I couldn’t resist either, and tried to dig a bit deeper, learning some geek (ie. not professional) lessons about how hacking works, party from the events in the show directly, partly by following for a few steps what were done in the show, and deconstructing the results. Here’s what I’ve collected so far:

Social engineering is likely a big part, a crucial enabler of most “successful” hacks. The show works with characters so it might be biased towards human actions, but it makes sense that social engineering can open door where the “bits” are closed. All the shows main hacks I remember included social engineering (not going to spoil here anything). This also made me a lot more aware in life, for example when talking with my bank online, or trying to get official things done in a way that it involves trust. Very much seems to me, that social engineering vulnerabilities and “opportunities” are really abound, and that makes me a lot more careful. For example, when calling to the bank, my verification data is three pieces of information that is available online or relatively easy, and I think of how I’ve seen such situation abused (in fiction, mind you), then I get a little jumpy. Not sure how other countries are like, but it feels like so many weak points in Taiwan, that she is just protected by the language barrier from western hackers/scammers – but sure that doesn’t deter another hostile nation. So yeah, my lessons is trying to improve on things, be mindful of trust-based situations encountered, while do be more confident to get things done better (in a non-malicious way of course), as confidence is one of the key ingredients of social engineering as well.

Watching some BlackHat videos, and reading online, some people say they can hack anything they want. I’m pretty confident, that doesn’t mean that exactly, but that the people with knowhow will find some way to figure things out in the end. In my (probably simplistic) view, though, it’s often the case that things that people think can be hacked easily are actually hard, while things they think cannot be hacked is actually quite doable. This comes down to the fact that professionals and outsiders (in any field) have a different view of difficulty and ease.

Most hacking takes a lot of time. It came up on the show was well, the “naive” character waiting for thing to happen right way, while the professional knows that some things doesn’t work that way. Case to point, for testing purposes, I tried out a tool to recover the wifi network password from a WEP-enabled access point I had around: yeah, “progress is made” almost immediately, and then still going on 2 hours later, and 6 hours later,  and finally got a “result” the next morning. Worked, but boy does it need patience. I’d think the same applies for all kind of surveillance, and many “tricks” from social engineering, so definitely appreciate, that patience is a big virtue.

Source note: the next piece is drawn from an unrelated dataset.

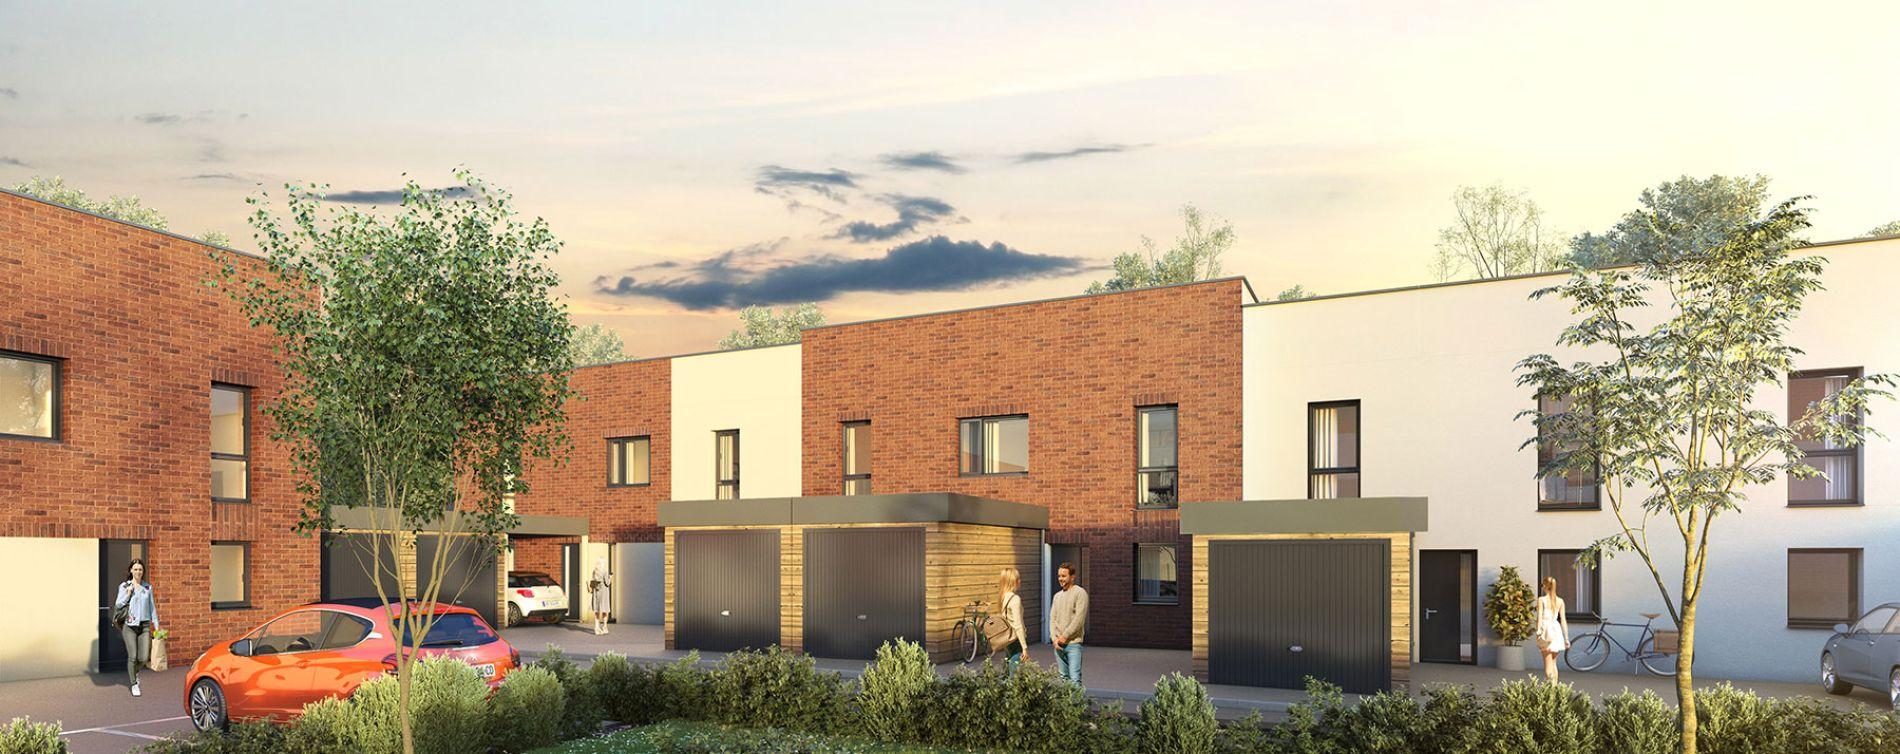 Tourcoing : programme immobilier neuve « Urban T - Maisons »

Many hacks have hardware components, and they are more accessible now than ever. It can be as simple as a Pringles cantenna. Or intermediate such as a single board computer (think Raspberry Pi, and similar) or microcontroller (think Arduino, and similar) interfacing with some sort of target hardware. Or something even more complex such as an entire board-sensors-analytics-response package to carry out something larger (such as a bundle like this for counter-surveillance). Every level is now more accessible to people, as hardware is cheaper than ever before, knowledge of tools is more open, and both software and hardware is capable of doing a lot more. So I guess one advice is, be wary of unknown hardware you come across!

Raspberry Pi

Encryption is everywhere, and it’s now easier to use than ever. Would highly recommend to use it to get a much better peace of mind, something that works even for people too who are not really threatened. Full disk encryption (dm-crypt), local encrypted storage to keep your “valuables” (veracrypt), smartphone full disk/SD card encryption. All should help to counter possible data loss, something that’s becoming a problem more and more. Of course, forgetting your password will make you lose access to the data (happened to me), so caution is advised, but it’s worth it.

Most hacks need specialists. To successfully own a system, most of the time one has to know it inside out (the rest of the time it’s just luck), so people have to choose what knowledge they specialize in. No hacker knows all the tricks, and most hacks need a combo of tricks to work (low hanging fruit doesn’t stay for long in the wild to be exploited). There are also just so many tools, that one’s unlikely to be an expert in all. Kali Linux’s for example organizes tools it ships with into 12 categories, and each has  about a dozen different software within. Many of those tools are themselves a collection of different pieces, so the variety is even larger. It needs a team of specialists coming together to cover all the bases. That’s how it worked out in Mr. Robot too, team, specialization, and lots and lots of co-ordination. This is of course also somewhat of a weak spot: more people involved means more chance for things to go wrong, as well as the better you are at something, the more likely you are calling attention to yourself.


Connected to the previous note, there are a lot of tools indeed, most of them looks something “shiney”/tempting with its promise of knowledge or power. And still you don’t need most tools, but can find some that works for your non-hack interests. One example was playing with Maltego CaseFile, which is also included in Kali Linux, and tickles my long-standing interest in “how should we organize knowledge”? I’ll be using it for complex “network”-type knowledge mapping in the future for sure. And, no real spoiler here, the FPI is using something similar to map the connections within fsociety. ;) Other example would be how people argue about the choices of text editors within the show. The smart (imho) answer is, that it does not matter, let tools be tools, and chose the best one for the task – just as much in other parts of life besides hacking too.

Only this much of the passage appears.